*** Opening of RECORDED INFORMATION ***

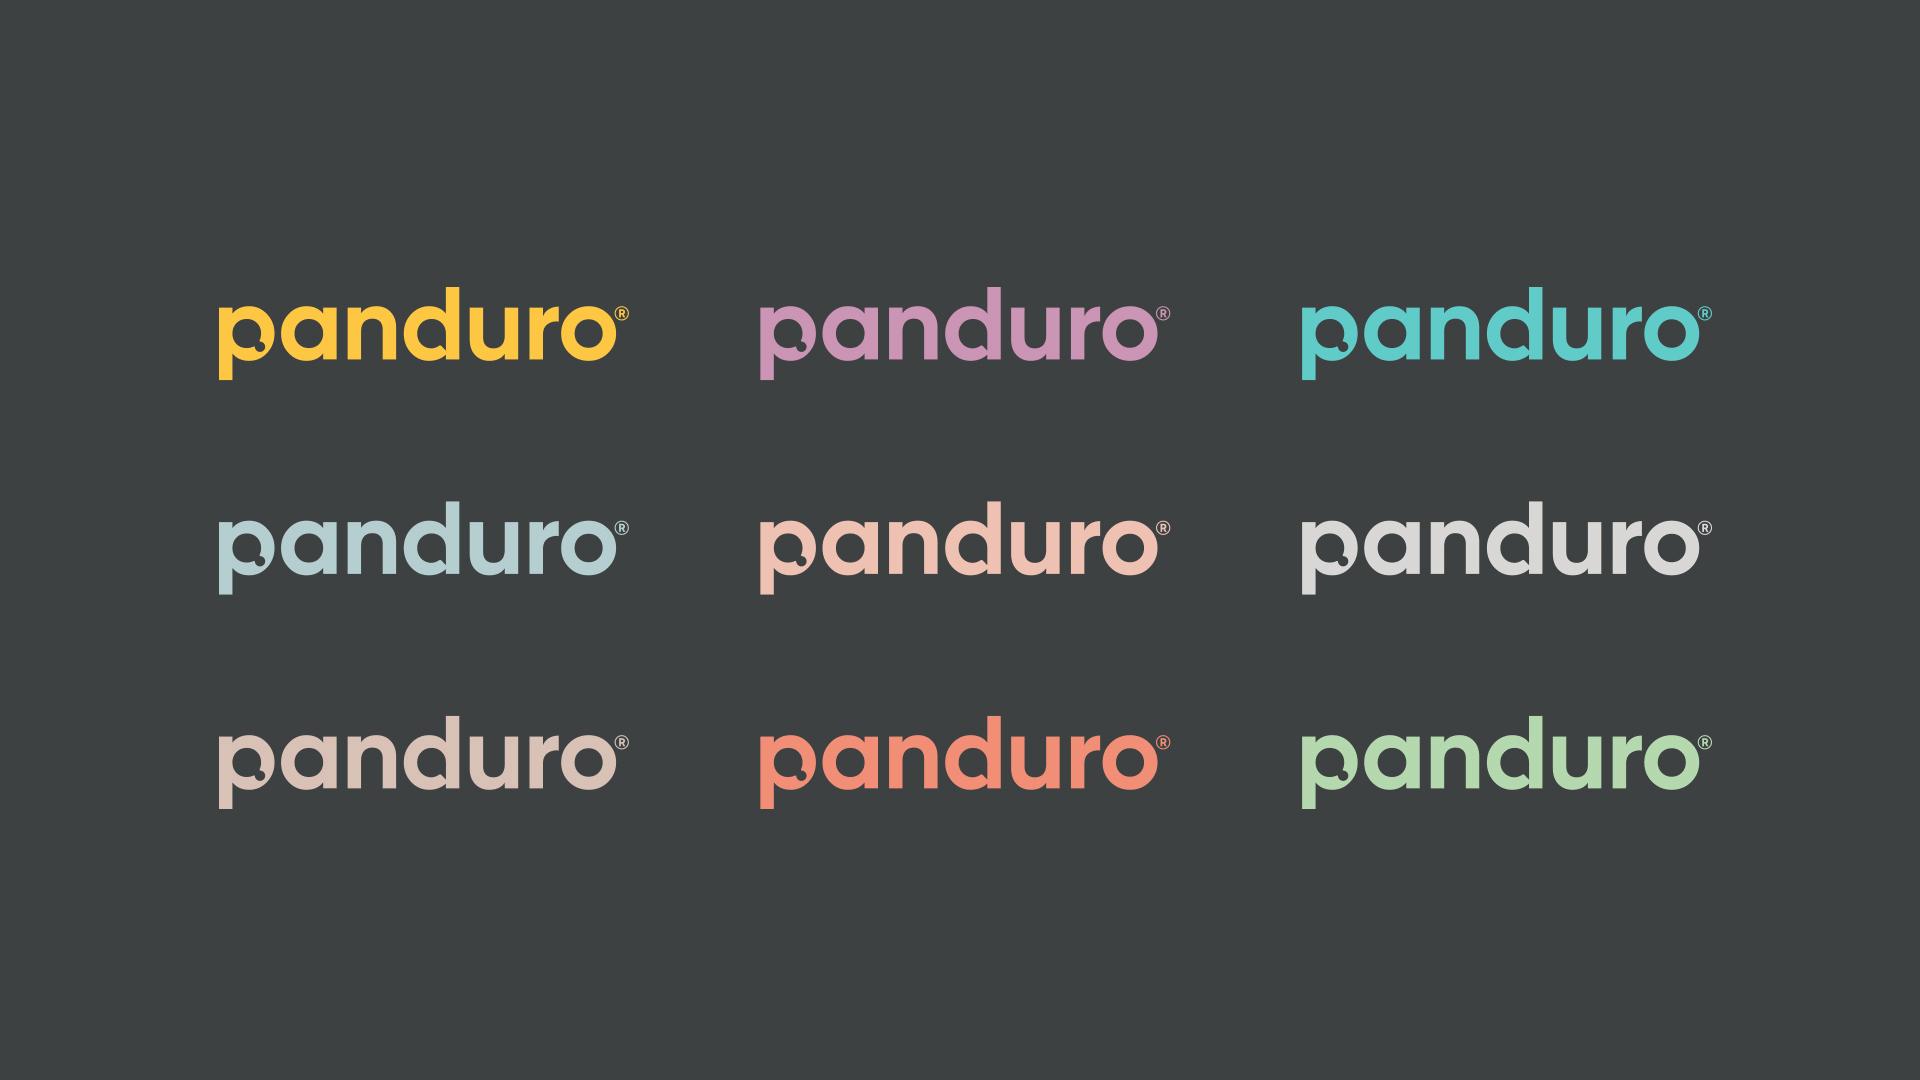 Panduro logotyp olika färger
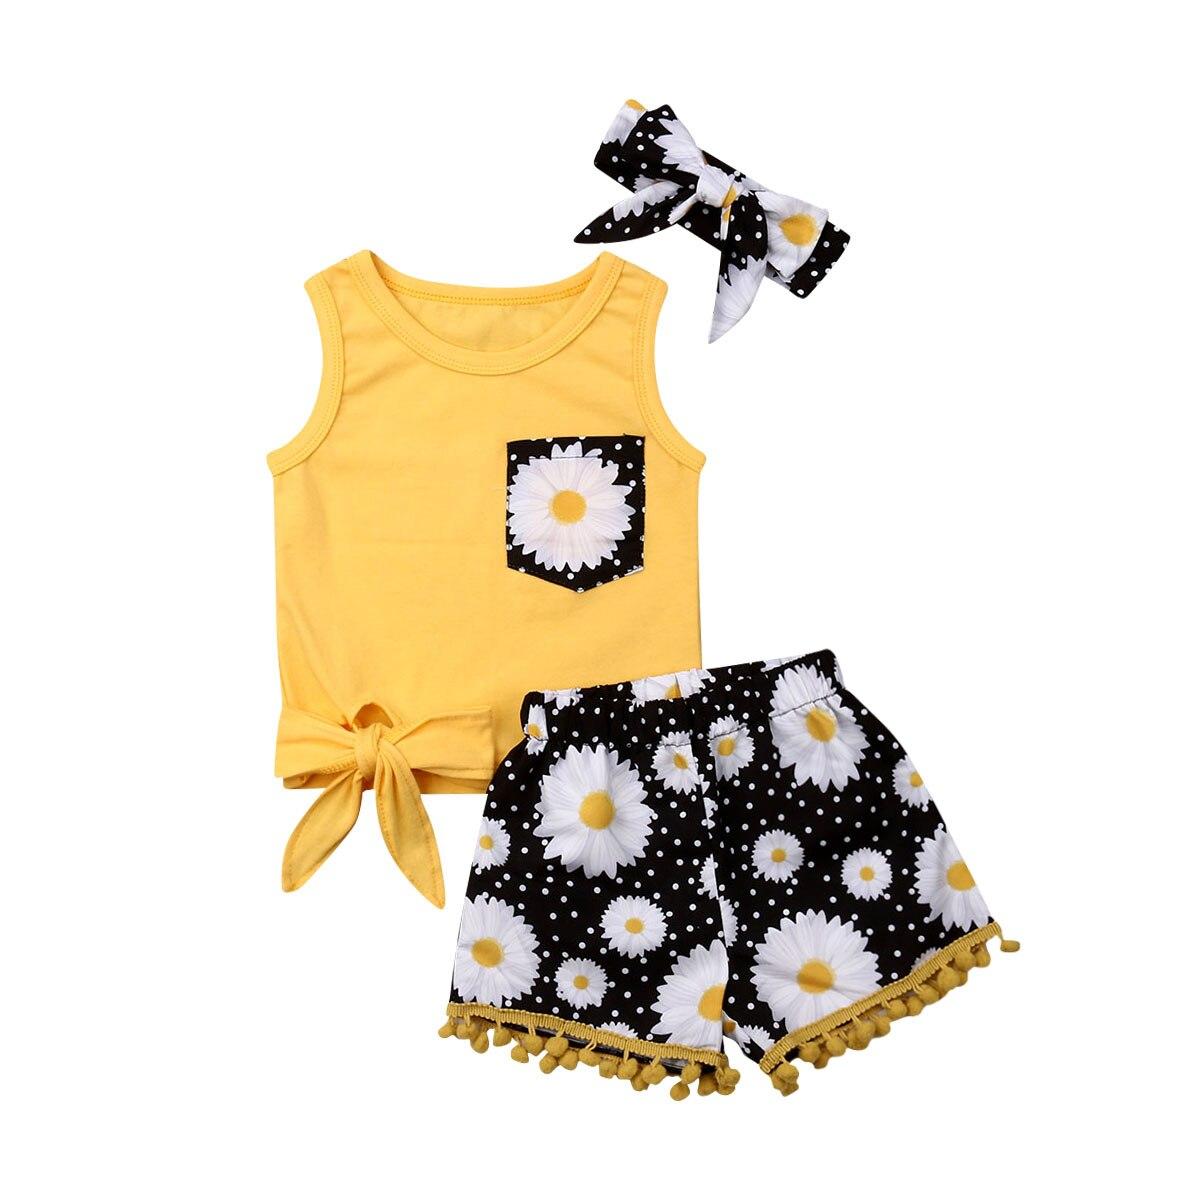 9fe92bfe3fca2 2019 Summer Kids Baby Girl Clothing Set Sleeveless Vest Tops Tassel Ball  Floral Shorts Pant Headband
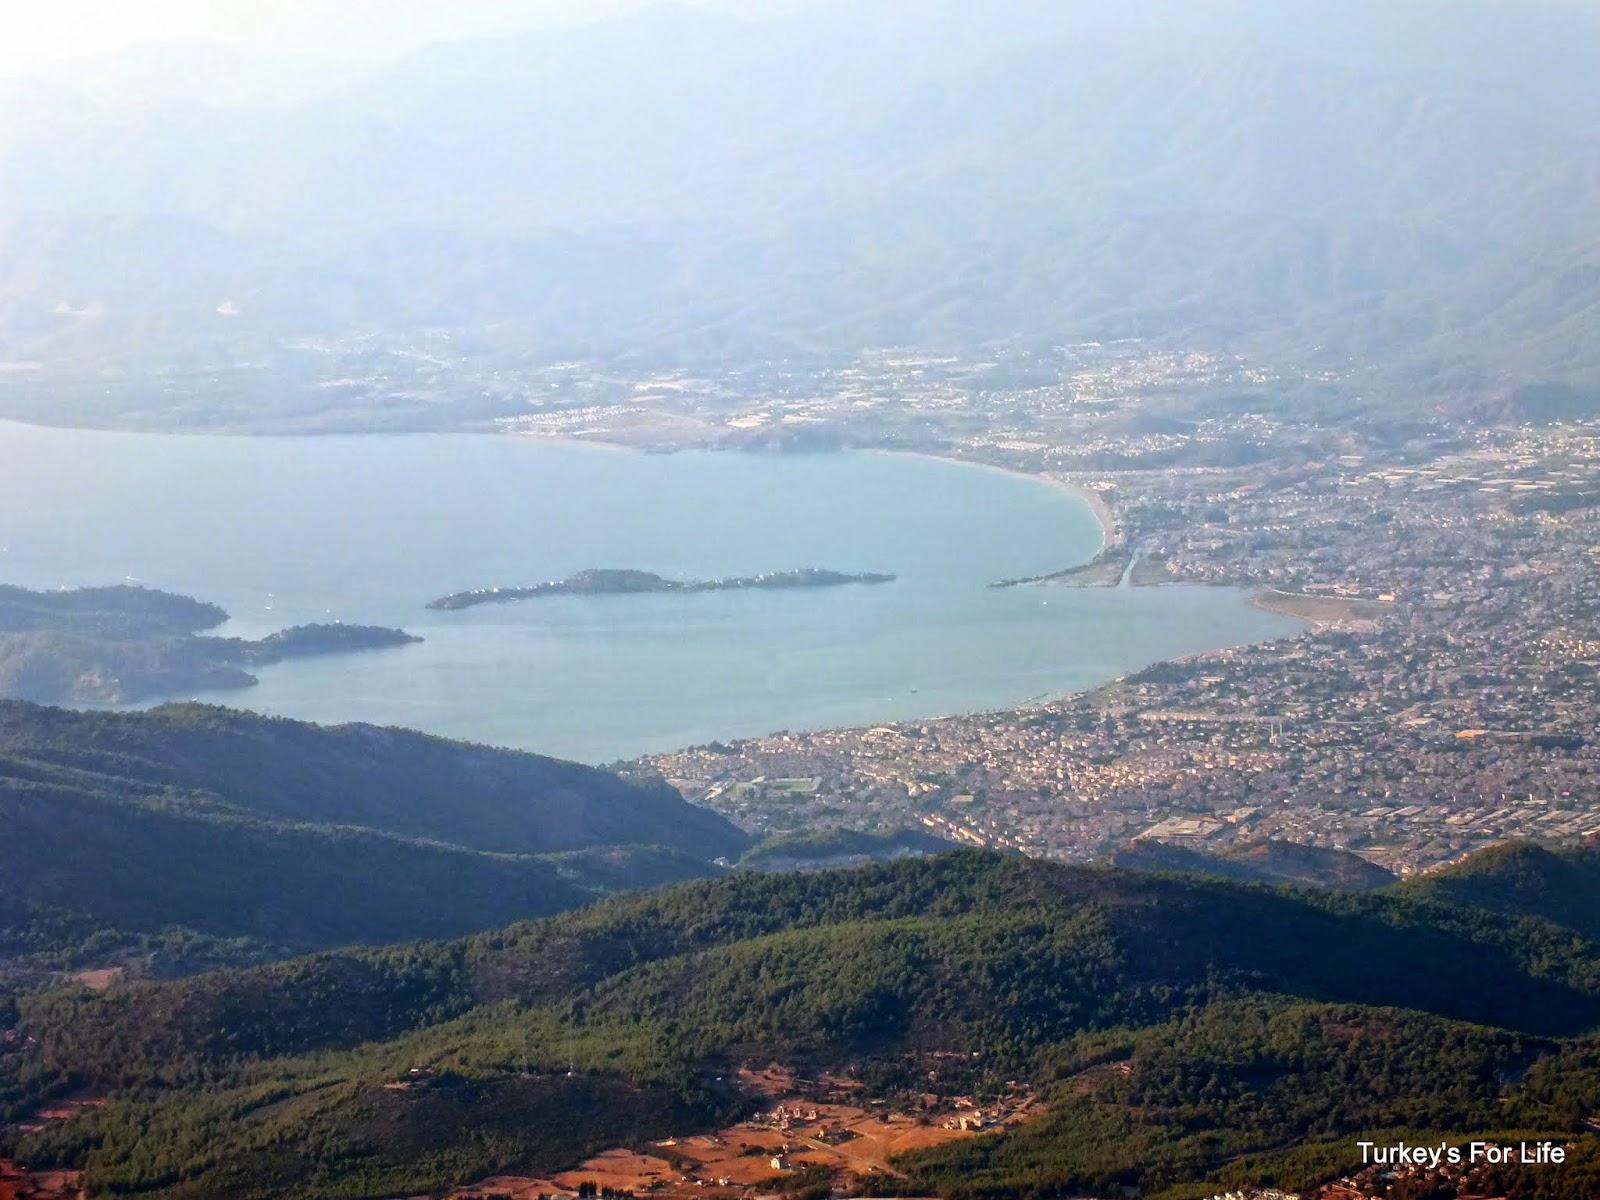 Fethiye Views From Babadağ Mountain

*** Close of RECORDED INFORMATION ***

HOW TO COMPLETE THIS TASK: Go to the line containing "9fe92bfe3fca2 2019 Summer", then write out word for word every line from there to the end of the listing. Keep both end lines and drop the pictures.

RESPONSE TO THIS TASK:
 9fe92bfe3fca2 2019 Summer Kids Baby Girl Clothing Set Sleeveless Vest Tops Tassel Ball  Floral Shorts Pant Headband
 Fethiye Views From Babadağ Mountain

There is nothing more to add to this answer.